5. Die Art von Liebe, die unvermeidlich und freudig zur Ehe führt, ist eine Entscheidung, ein Akt des Willens. Es ist keine Welle von Emotionen, die auf Geigen spielt und von dem künstlerischen Licht von Kameras durchflutet wird, wie es in romantischen Komödien zu sehen ist. Diese Wahl ist jedoch nicht nur das „Ja“, das in der Antwort auf den Vorschlag ausgesprochen wird, oder die Wahl, überhaupt einen Vorschlag zu machen. es ist ein Akt des Willens, der täglich in kleinen liebevollen und freudigen Opfern erneuert wird. Nicht zu verstehen, dass vorne ein Rezept für eine Katastrophe ist.

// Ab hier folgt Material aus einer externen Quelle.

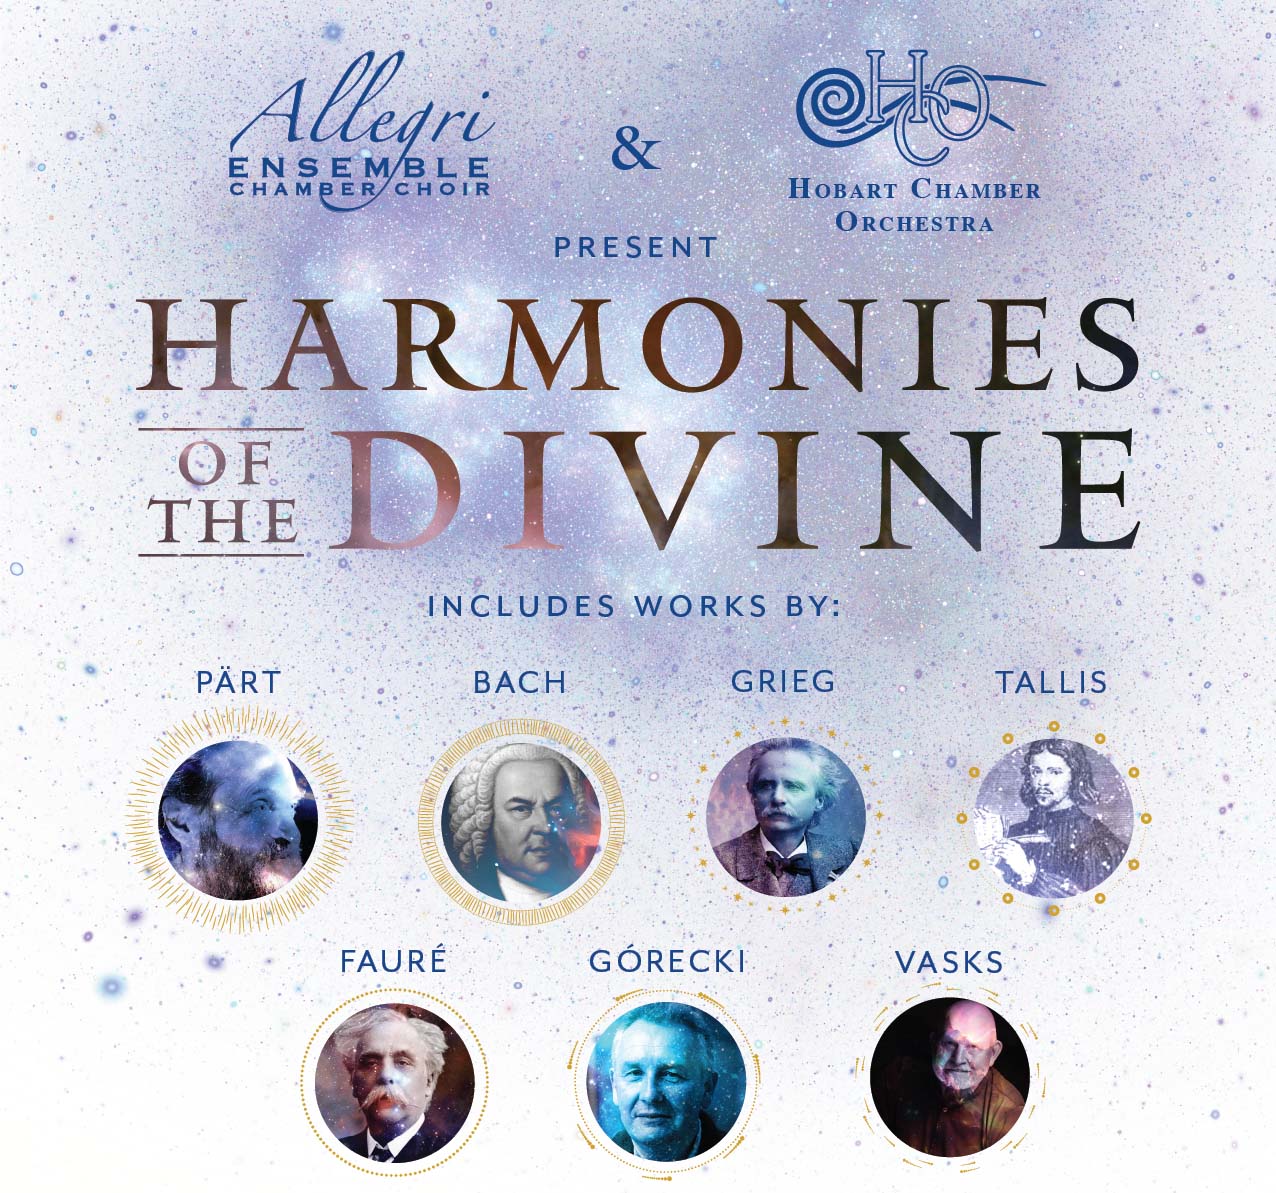 harmonies of the divine a4 v1 (002)

Mir ist klar, dass Bolick versucht zu sagen, dass Frauen heutzutage nicht heiraten wollen, weil sie sich mit dem Mann mit dem bloßen B.A. zufrieden geben müssten. oder gar keinen Abschluss usw. Aber ich denke, was wirklich passiert, ist, dass Frauen heutzutage nicht heiraten wollen, weil sie die Lüge erkauft haben, dass die Opfer, die mit engagierter Liebe verbunden sind, für sich selbst respektierende Feministinnen zu einschränkend sind. Traurigerweise haben sie den Opfern den Rücken gekehrt und Liebe und Ehe so ziemlich unmöglich gemacht.